The core of sqlite-dataset is the Class SQLiteDataset, which wraps a SQLAlchemy connection to a SQLite database.

Usage

Declare a dataset

To declare a dataset, extend the base SQLiteDataset class and specify fields.

from sqlite_dataset import SQLiteDataset, Field, String, Float

class MyIrisDataset(SQLiteDataset):
    
    sepal_length_cm = Field(String, tablename='iris')
    sepal_width_cm = Field(Float, tablename='iris')
    petal_length_cm = Field(Float, tablename='iris')
    petal_width_cm = Field(Float, tablename='iris')
    class_field = Field(String, tablename='iris', name='class')

ds = MyIrisDataset('my_iris_dataset.db')

This will create a sqlite database file on the specified path. If a dataset already exists, it will then be loaded.

The Field object

Field can be seen as a factory that can create a SQLAlchemy's Column object.

The Field object's constructor takes same arguments as sqlalchemy.schema.Column with the difference that Field does not take positional name argument and has an extra keyword argument tablename.

Declare a Column using sqlalchemy.Column:

from sqlalchemy import Column, String

Column('sepal_length_cm', String)
Column(name='sepal_length_cm', type_=String)

Declare a sqlite_dataset.Field:

from sqlite_dataset import Field, String

sepal_length_cm = Field(String)

The variable name will be automatically used as the column name.

Column name can also be specified using name argument, which is useful if the column name is a Python preserved keyword:

from sqlite_dataset import SQLiteDataset, Field, String

class MyDataset(SQLiteDataset):
    class_field = Field(String, name='class')
    type_field = Field(String, name='type')

Table name can be specified using tablename keyword argument:

from sqlite_dataset import SQLiteDataset, Field, String

class MyDataset(SQLiteDataset):
    class_field = Field(String, name='class', tablename='table1')
    type_field = Field(String, name='type', tablename='table2')

This will create two tables: table1, table2.

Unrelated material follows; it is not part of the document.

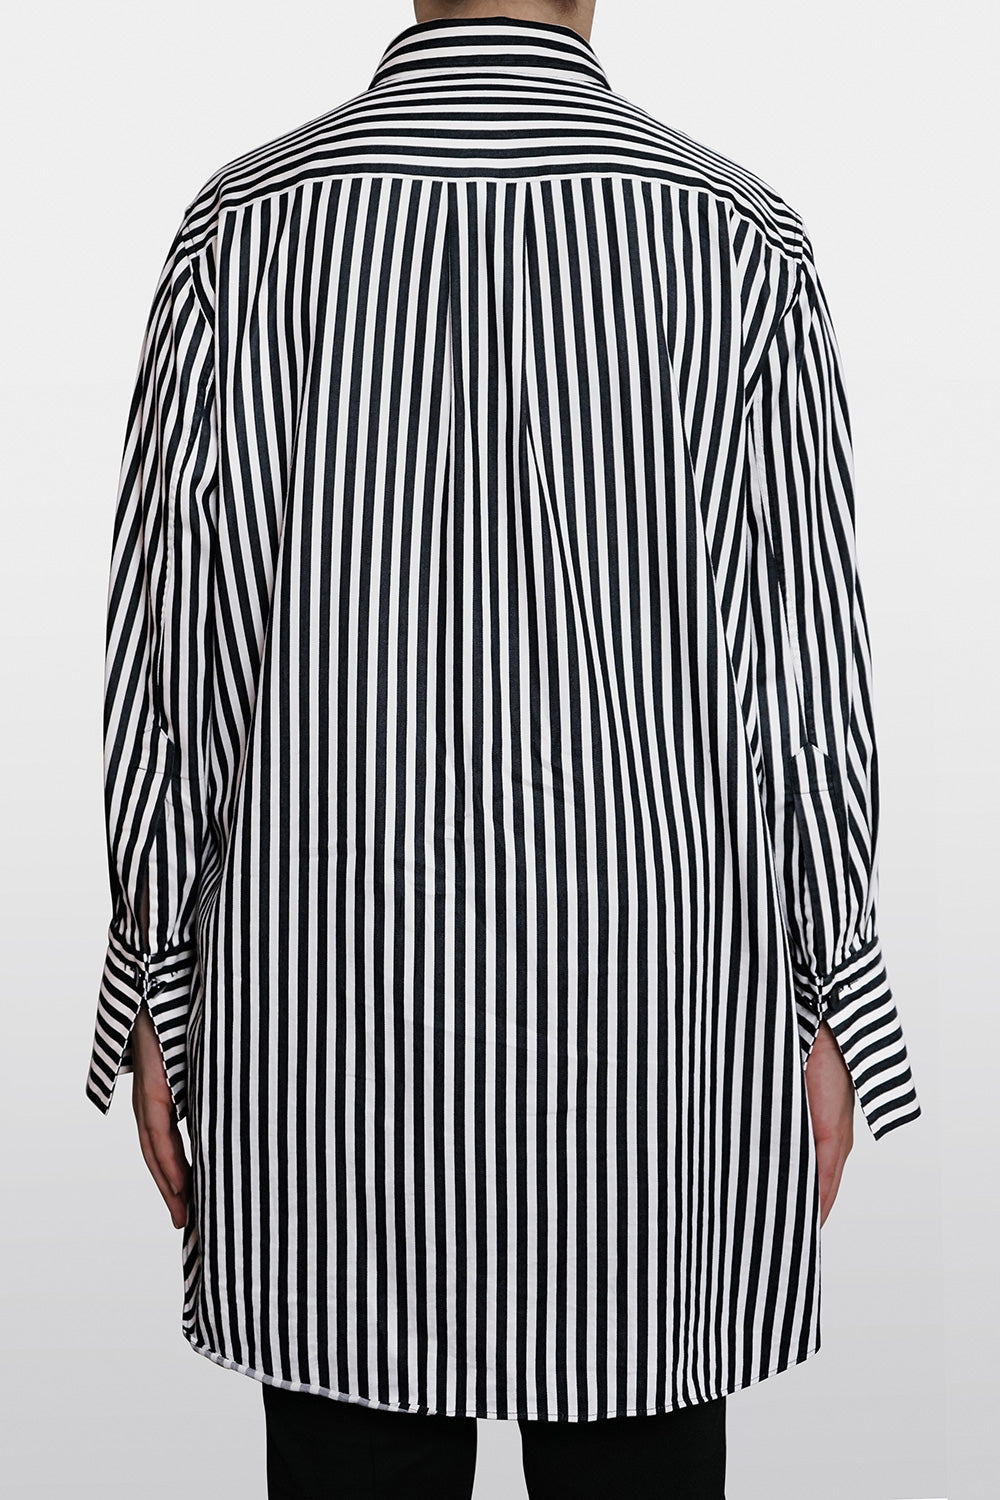 Malene Birger Pre-Owned Oversized Stripe Shirt Size L
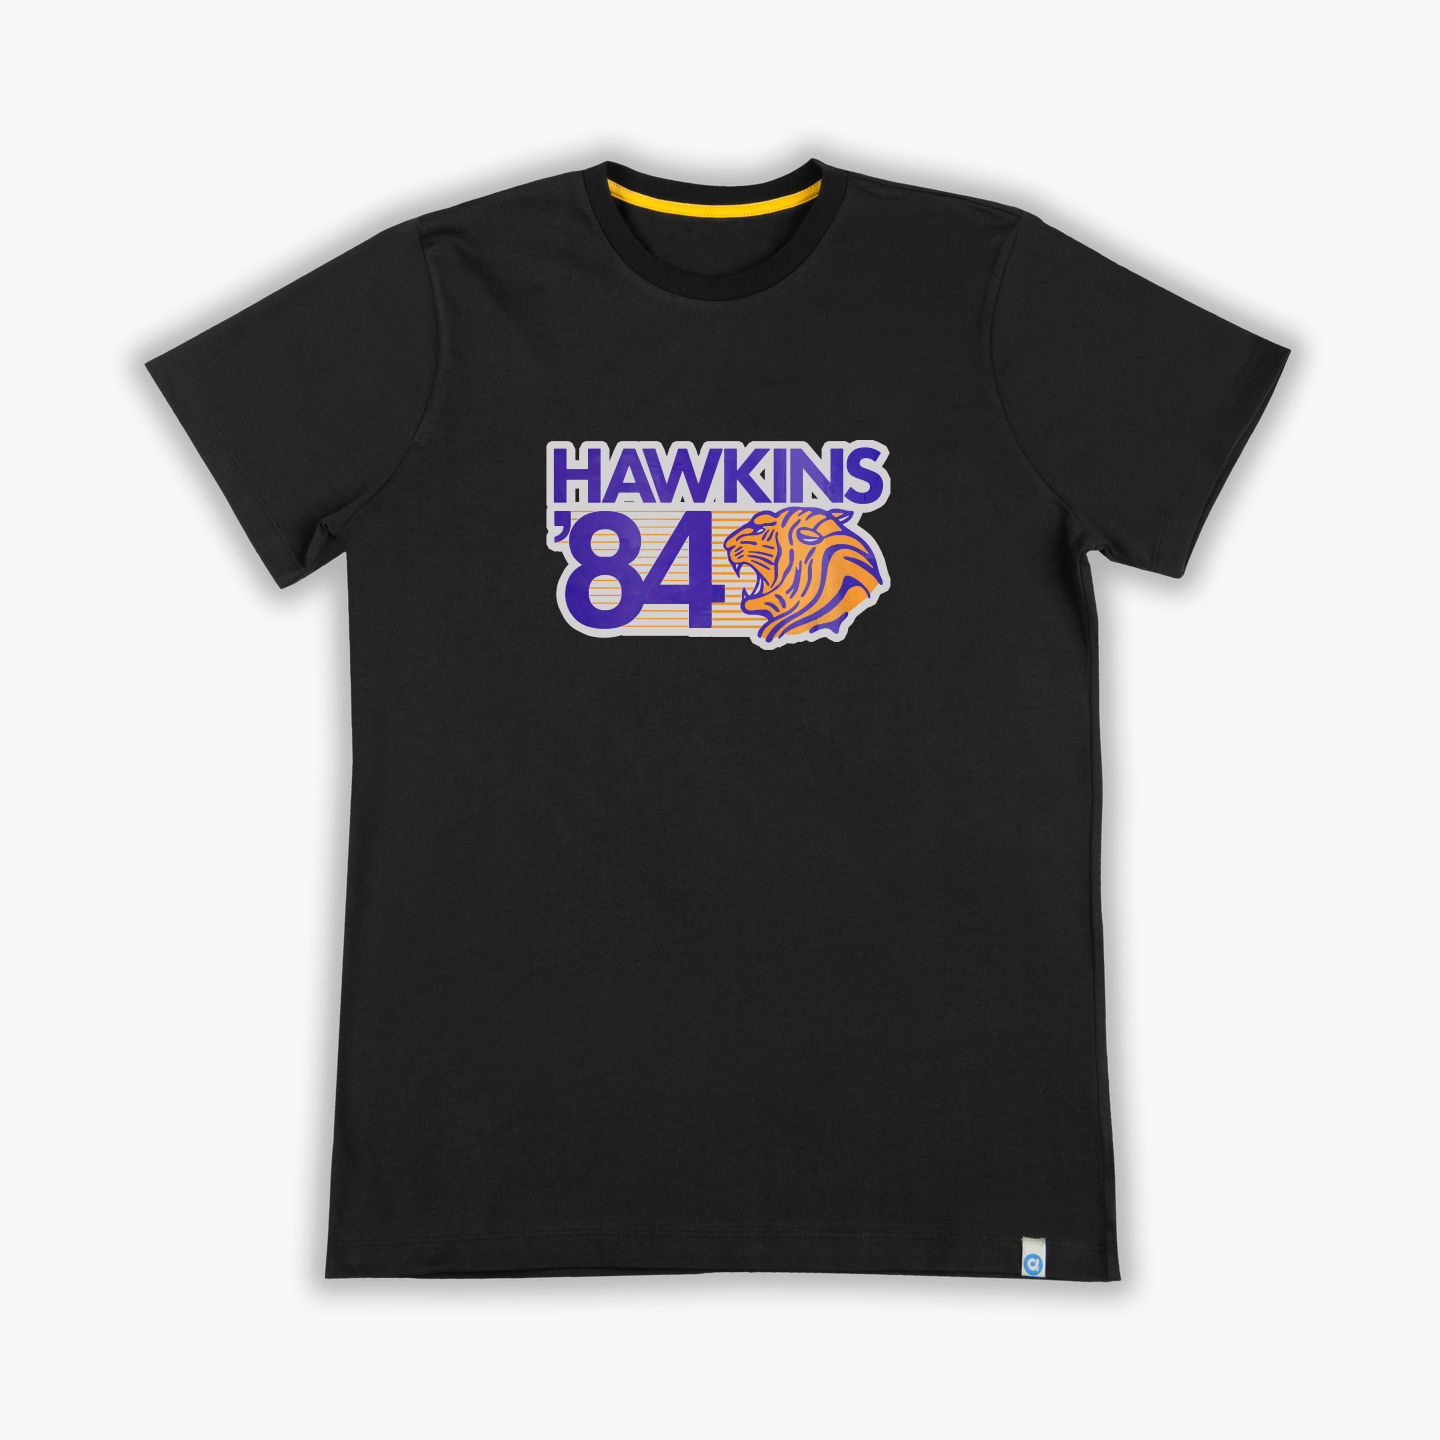 Hawkings 1984 - Tişört

If tablename is not specified, the column will be created in default table data.

Field type and keyword arguments

The field type is the sqlalchemy column type. All sqlalchemy members were imported into sqlite_dataset.

from sqlalchemy import String, Integer

is exactly the same as:

from sqlite_dataset import String, Integer

Inheritance

Dataset can be inherited.

from sqlite_dataset import SQLiteDataset, Field, String, Float

class BaseDataset(SQLiteDataset):
    class_field = Field(String, tablename='iris', name='class')
    example_field = Field(String, tablename='example_table')

class ChildDataset(BaseDataset): 
    sepal_length_cm = Field(String, tablename='iris')
    sepal_width_cm = Field(Float, tablename='iris')
    petal_length_cm = Field(Float, tablename='iris')
    petal_width_cm = Field(Float, tablename='iris')

Connect to an existing dataset

To connect to a dataset, call the connect() method. Call close() to close it.

ds = SQLiteDataset('test.db')
ds.connect()
# do something
ds.close()

Or the dataset can be used as a context manager

with SQLiteDataset('test.db') as ds:
    # do something
    pass

Schema for existing dataset

SQLiteDataset object uses SQLAlchemy connection under the hood, so a schema is required to make any database queries or operations.

If no schema provided by either of the above, a SQLAlchemy reflection is performed to load and parse schema from the existing database.

It is recommended to explicitly define the schema as reflection may have performance issue in some cases if the schema is very large and complex.

Add and read data

data = [
    {
        'sepal_length_cm': '5.1',
        'sepal_width_cm': '3.5',
        'petal_length_cm': '1.4',
        'petal_width_cm': '0.2',
        'class': 'setosa'
    },
    {
        'sepal_length_cm': '4.9',
        'sepal_width_cm': '3.0',
        'petal_length_cm': '1.4',
        'petal_width_cm': '0.2',
        'class': 'setosa'
    }
]

with MyIrisDataset('test.db') as ds:
    ds.insert_data('iris', data)
with MyIrisDataset('test.db') as ds:
    res = ds.read_data('iris')

Use with pandas

A pandas DataFrame can be inserted into a dataset by utilizing the to_sql() function, and read from the dataset using read_sql function.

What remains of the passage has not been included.